• What you will do
Restate word for word the lines below that run from the one holding "画像: 新型「MT-09」の詳しい情報・カラー・スペック・走行写真はこちら - webオートバイ" through the one holding "SAT, Ministerialprotokoller, klokkerbøker", inclusive. Pictures don't belong in the copy.

• Excerpted data
——

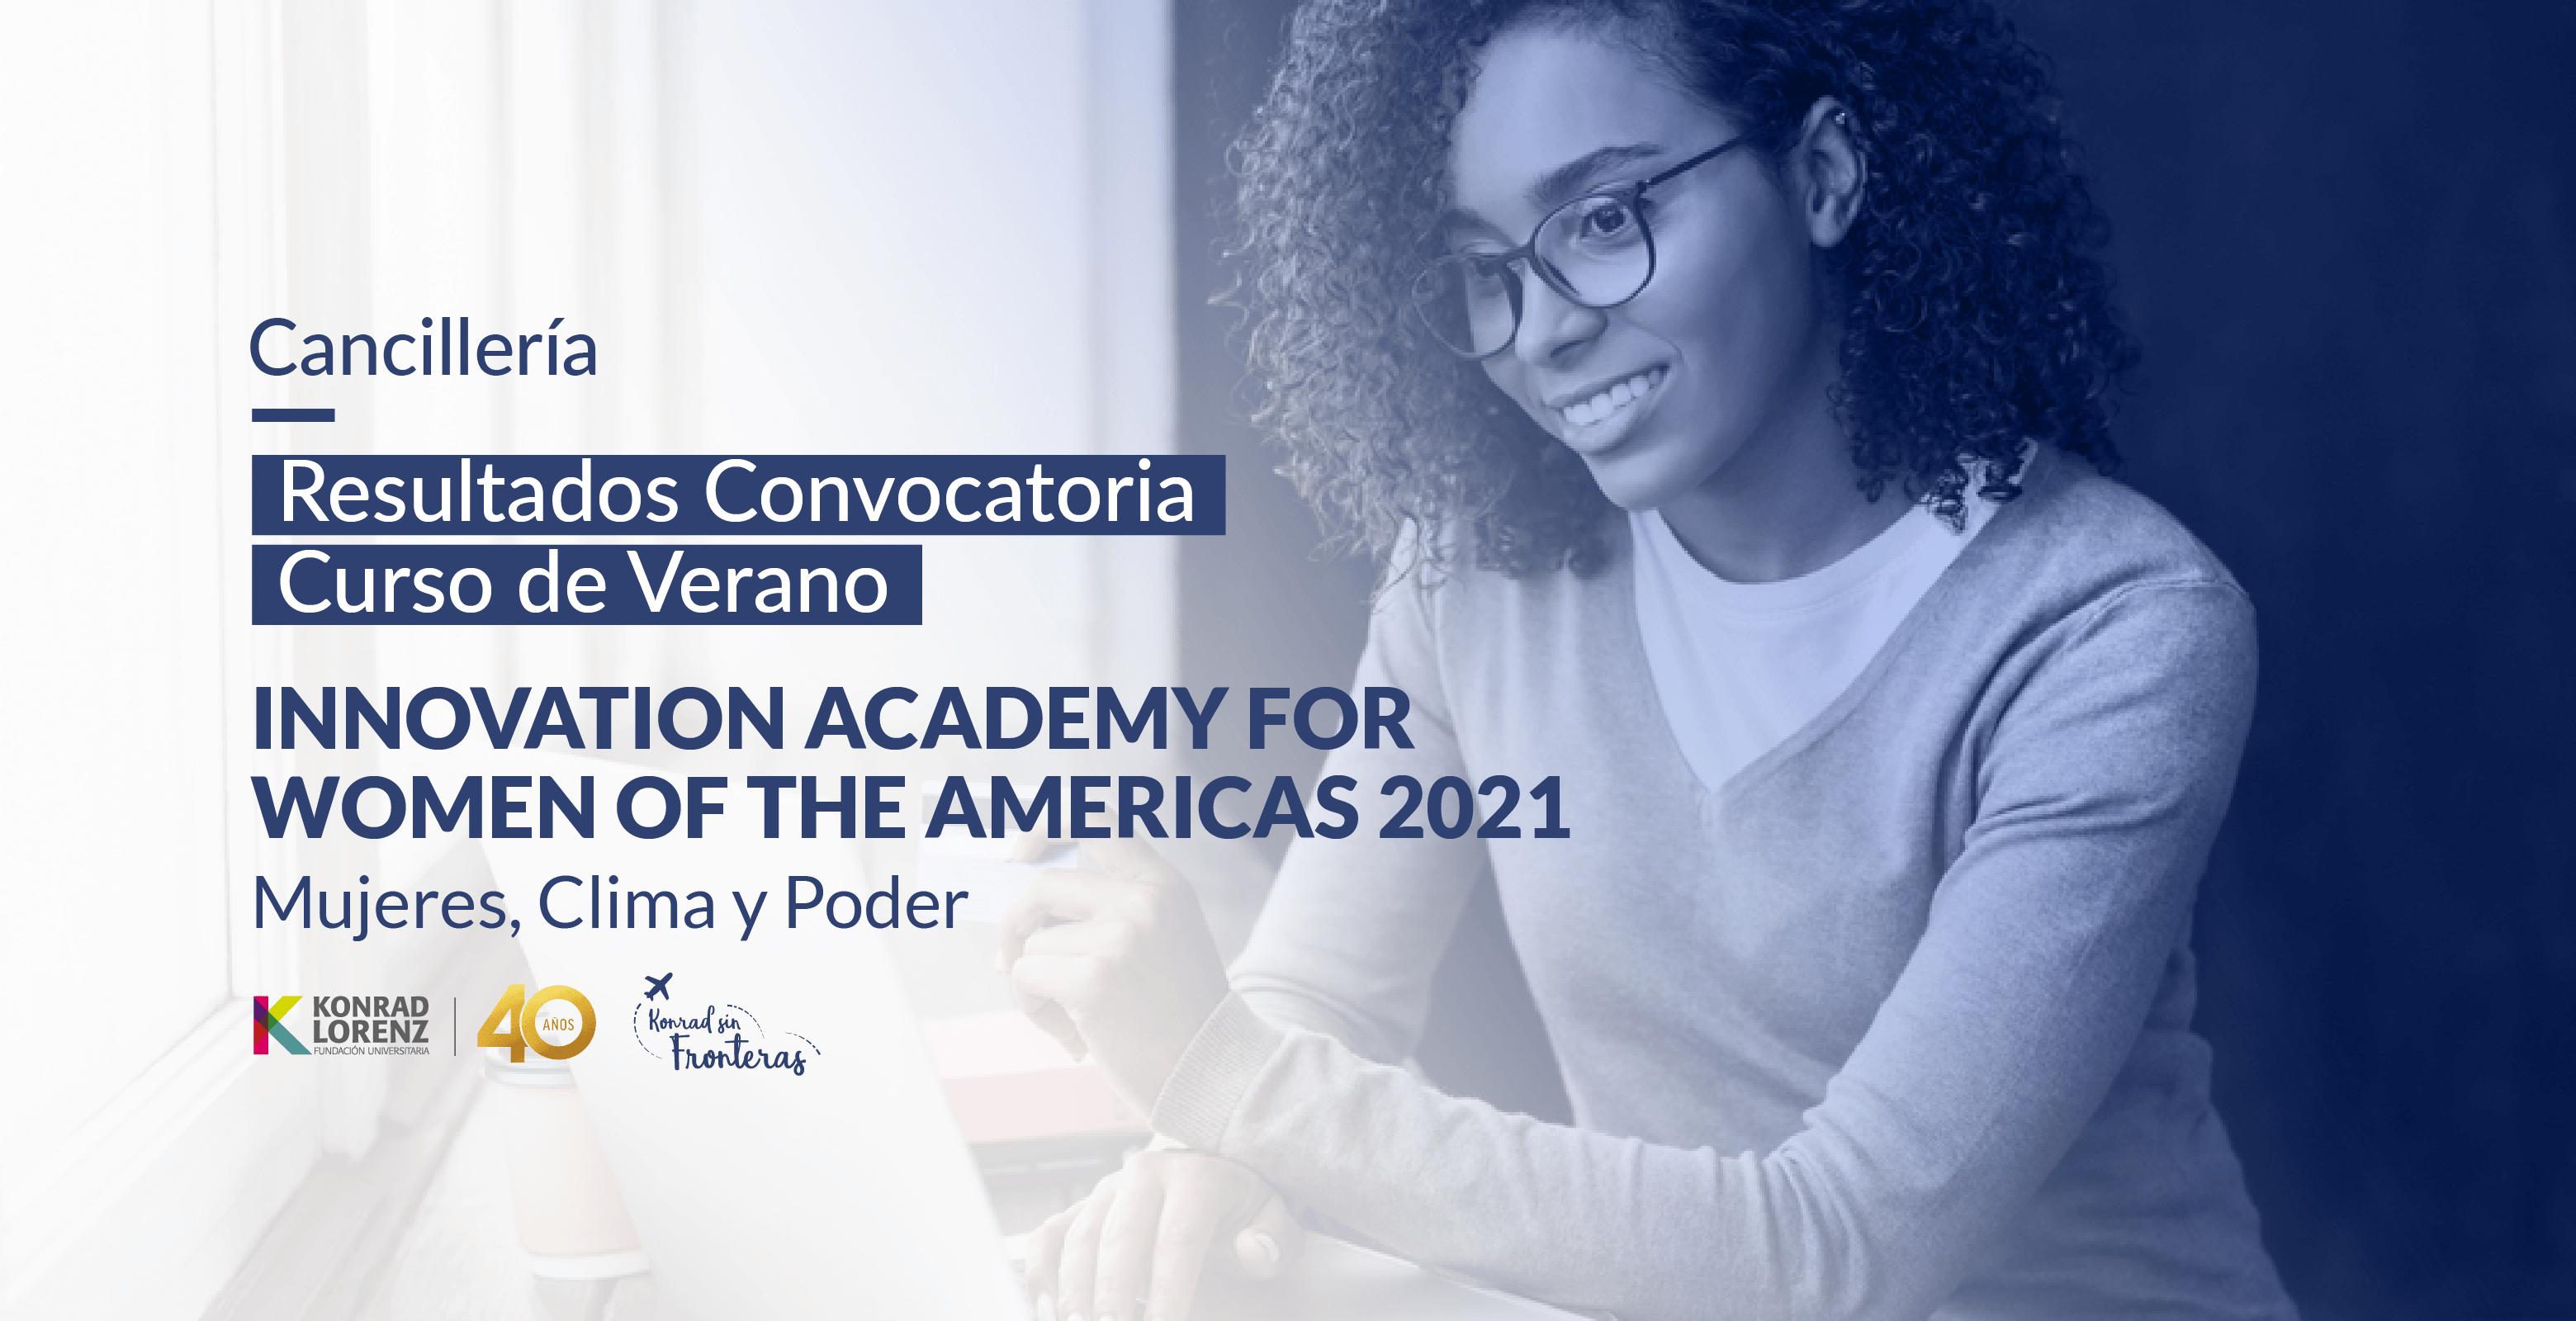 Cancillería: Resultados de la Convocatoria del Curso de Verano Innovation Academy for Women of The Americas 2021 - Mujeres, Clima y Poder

——

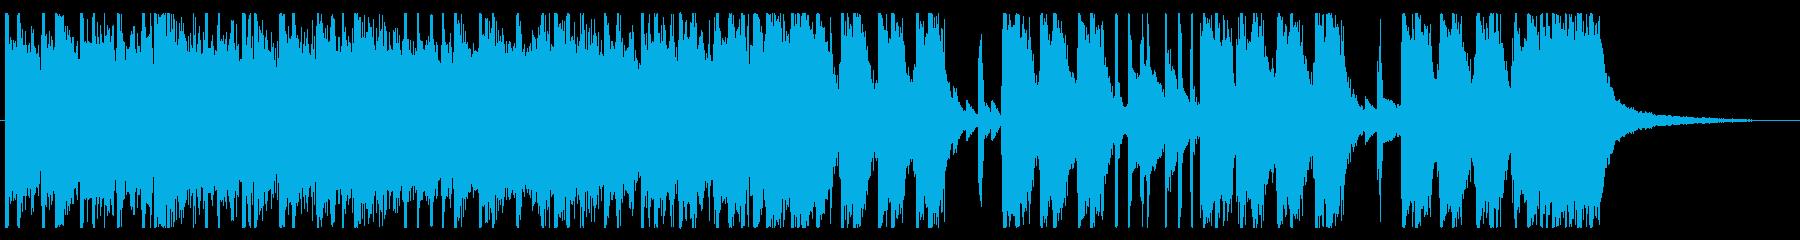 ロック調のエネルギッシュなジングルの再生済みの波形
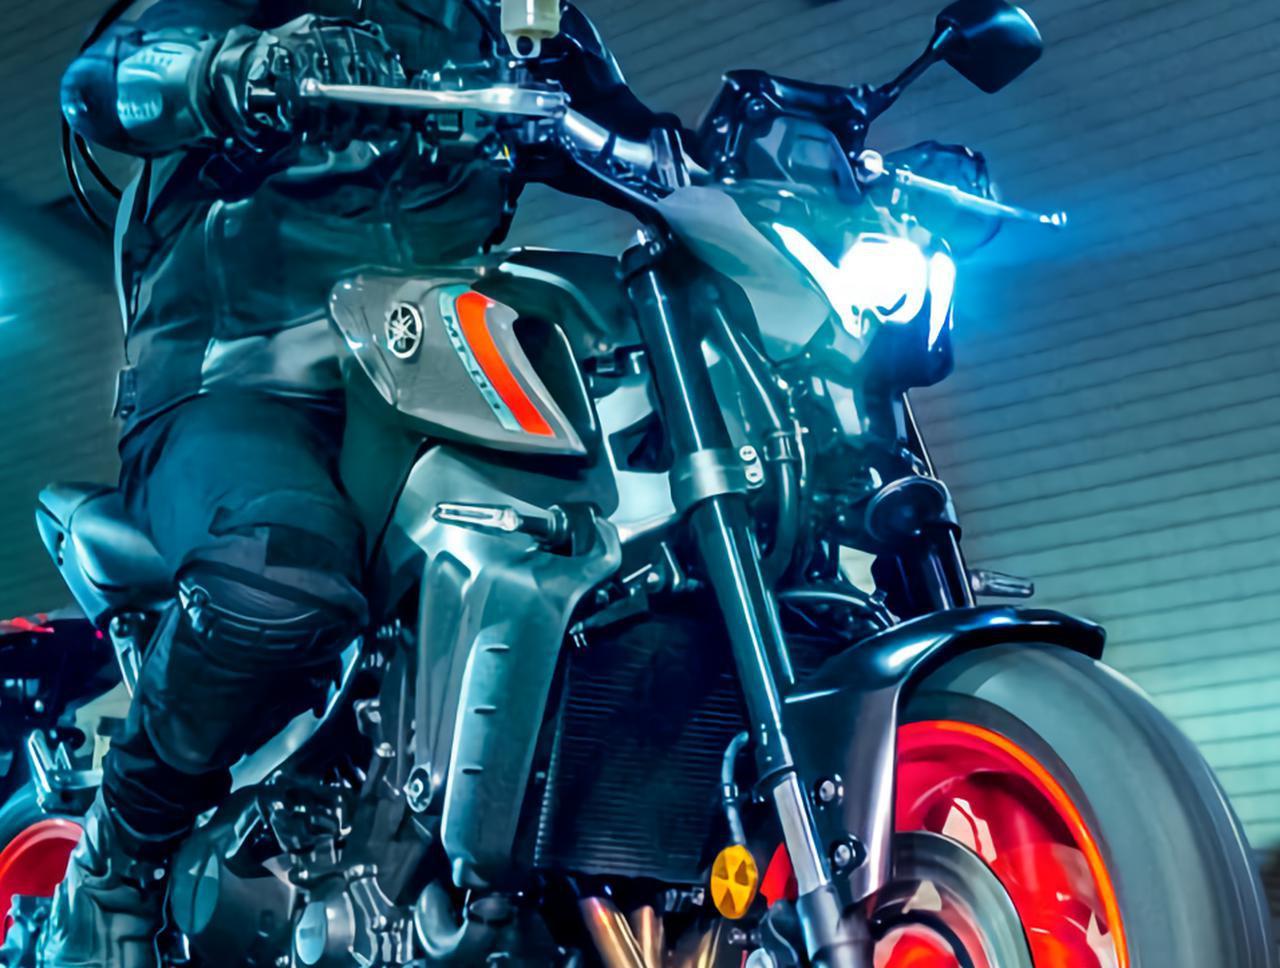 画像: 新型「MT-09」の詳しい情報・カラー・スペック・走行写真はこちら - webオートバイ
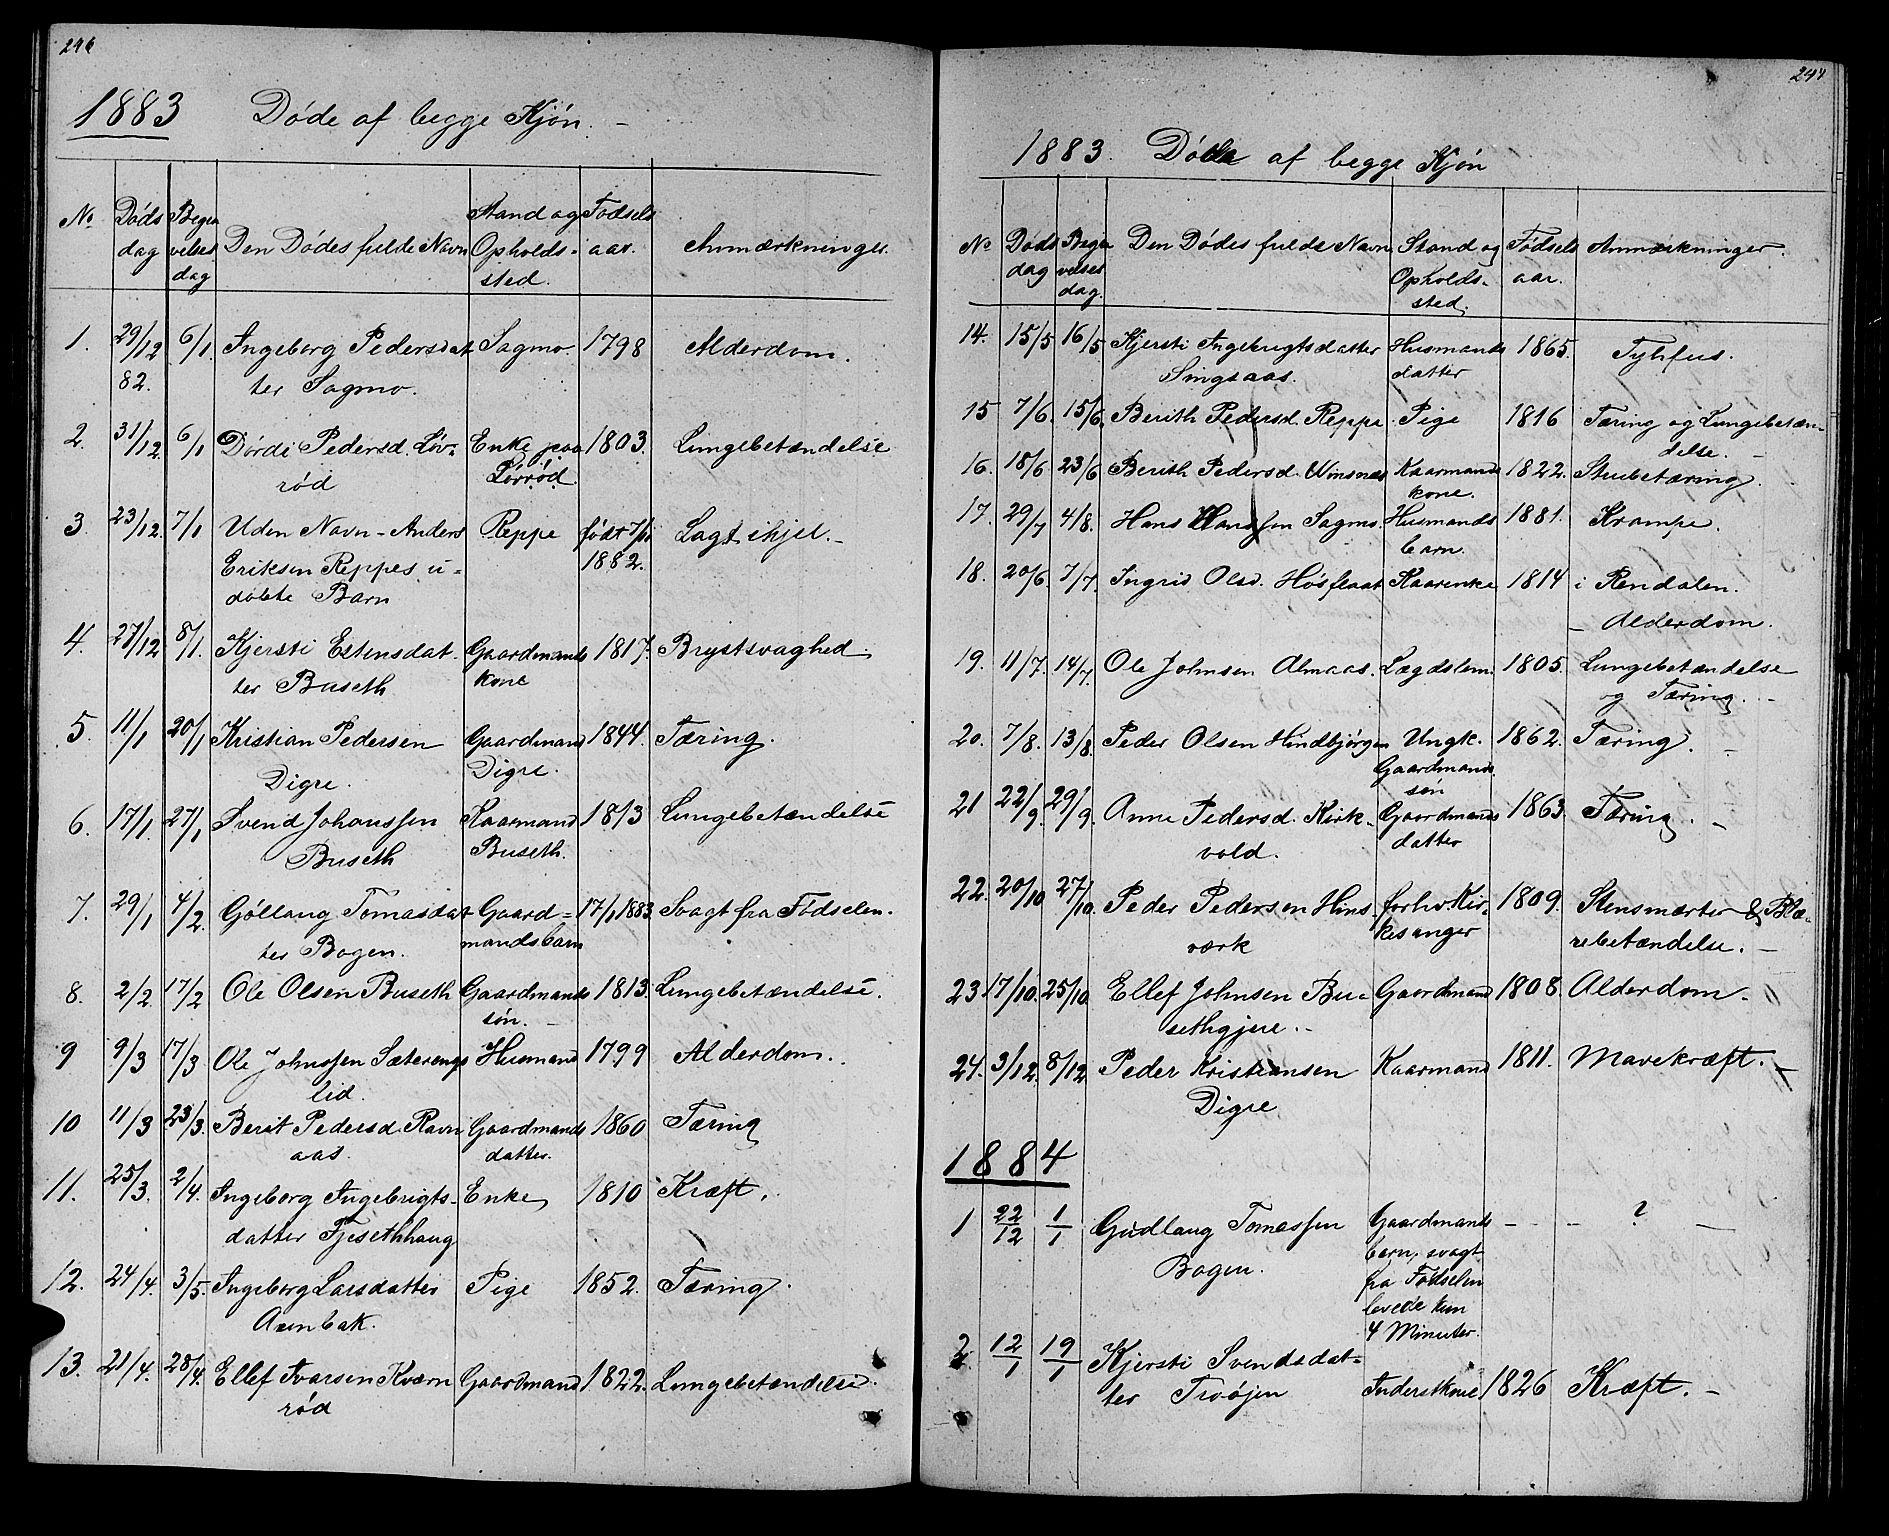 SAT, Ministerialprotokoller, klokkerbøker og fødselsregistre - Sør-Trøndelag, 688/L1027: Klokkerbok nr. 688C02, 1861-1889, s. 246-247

——

• Exercise output
 画像: 新型「MT-09」の詳しい情報・カラー・スペック・走行写真はこちら - webオートバイ
 SAT, Ministerialprotokoller, klokkerbøker og fødselsregistre - Sør-Trøndelag, 688/L1027: Klokkerbok nr. 688C02, 1861-1889, s. 246-247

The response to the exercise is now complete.